My wife – 100% Sicilian in background — joyously berates me every time I switch which ethnicity I identify with depending on the circumstance. I am Norwegian-Scottish-Welsh-Dutch-Belgian-Irish in direct background. Or, by last name: Mose-MacRae-Waite-Stahl-Noel-Morgan(Catholic)-Biggin(Prod). So I have a convenient palette to choose from. And that’s not even counting the various North American spinarounds, from upstate NYC to Canada to the Upper Midwest. Nomads, my people, often criminals and peasants.
The story about one of the Irish ancestors, a Biggin I believe, was that he killed a tax collector with a shovel, and thus had to emigrate with all due haste.

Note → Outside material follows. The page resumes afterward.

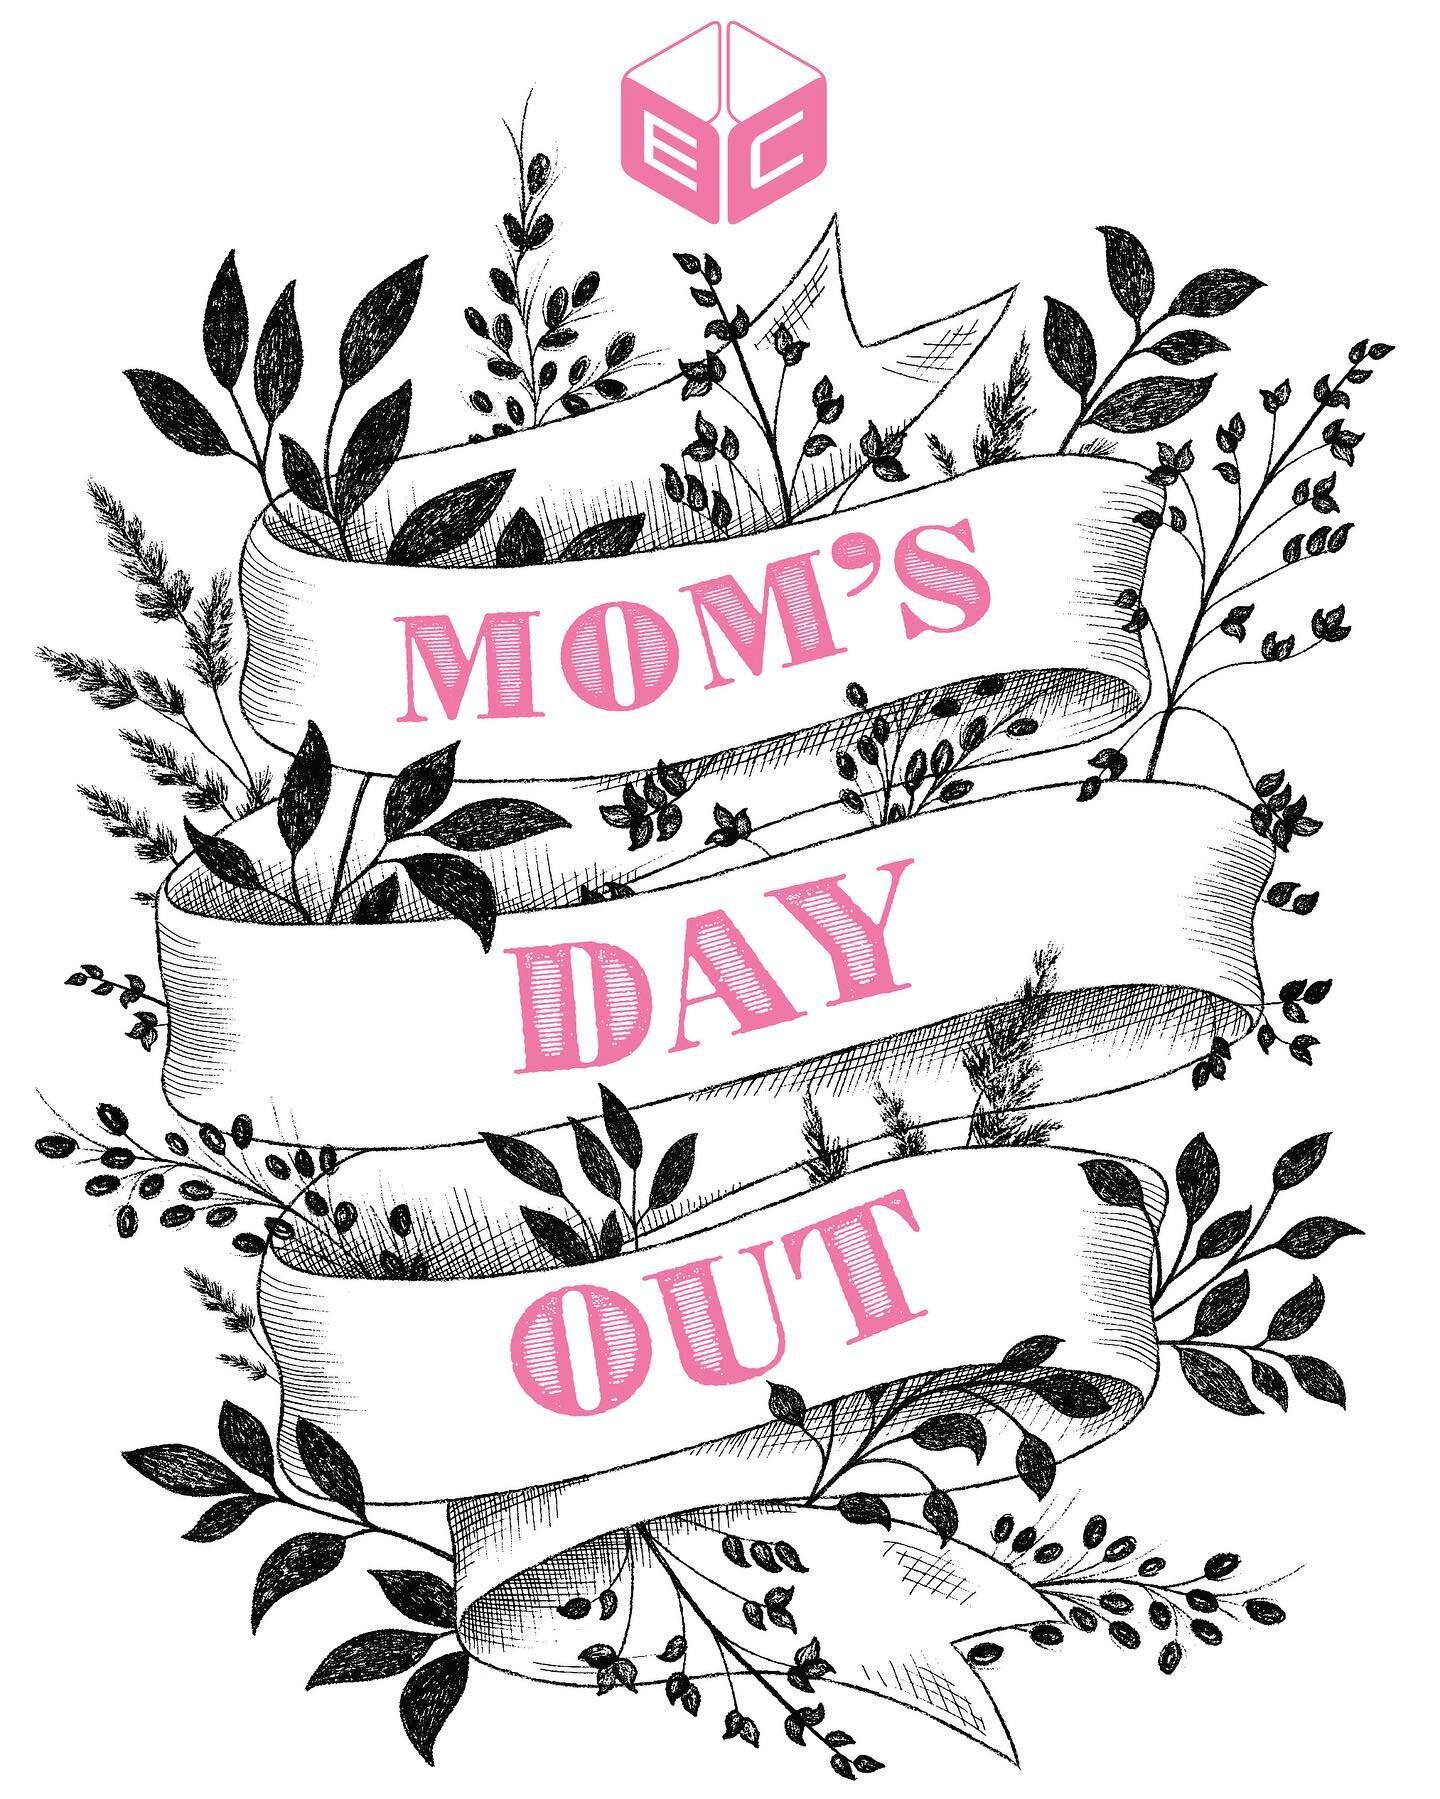 Grab your besties and take an afternoon to treat yourself at our first annual Mom's Day Out at The Empty Corner! We will have pampering, shopping, treats and more at this fun BYOB event, you won't want to miss it! Join Kristie from @gouda_and_ganache

So you can easily envision how a 12 year old me thought a song about The Troubles, with a music video banned by the BBC for content, sounded like something that had to be owned and devoured.
So I bought this tape for “Invisible Sun”.
Obviously, the two best known songs on the album – “Every Little Thing She Does Is Magic” and “Spirits in the Material World” – are in continual radio play and are still pretty unavoidable.
But the rest of this album is just an unmitigated disaster. God damn, if “Invisible Sun” has just been a hit, I could taped the three good songs off the radio and been satisfied. DAMN you, BBC.
Summers and Copeland, the non-Sting Policemen, have their own quoted issues about how the heavy synth sound took them away from the interesting stuff of their proto-pop punk sound.
But with retrospect and much time spent living in Florida, the real problem with the rest of Ghost In The Machine is that Sting appears to have taken a vacation in the Bahamas, and decided that The Police should subsequently become the best-ever shitty Island-style bar band. We’ll take a godawful tourist-style and make it the best-selling album of 1982.
I hope to hell he meant it as irony, because if not, it’s just hideous crap.
Go to Amazon and listen to tracks 7-11 for yourself: http://www.amazon.com/Ghost-Machine-Police/dp/B000002GF4
Shrieky vocals, low in the mix.
Guitar sounds that barely exist.
Sax work that would make Huey Lewis say, “Boy, that’s some overproduced cheesy shit right there.”
By the time you hit “One World”, and hear Stewart Copeland desperately smacking his drums and cymbals harder and harder and HARDER, trying to inject some small spark of life into these rotting corpse-songs, you have to eject the tape out of a certain amount of embarrassment on his behalf.
But “Invisible Sun” holds its melancholy well. It makes me want to read some Yeats or Garth Ennis, drink some Jamesons or Guinness — and never, ever let the tape reel further than the fadeout of that song.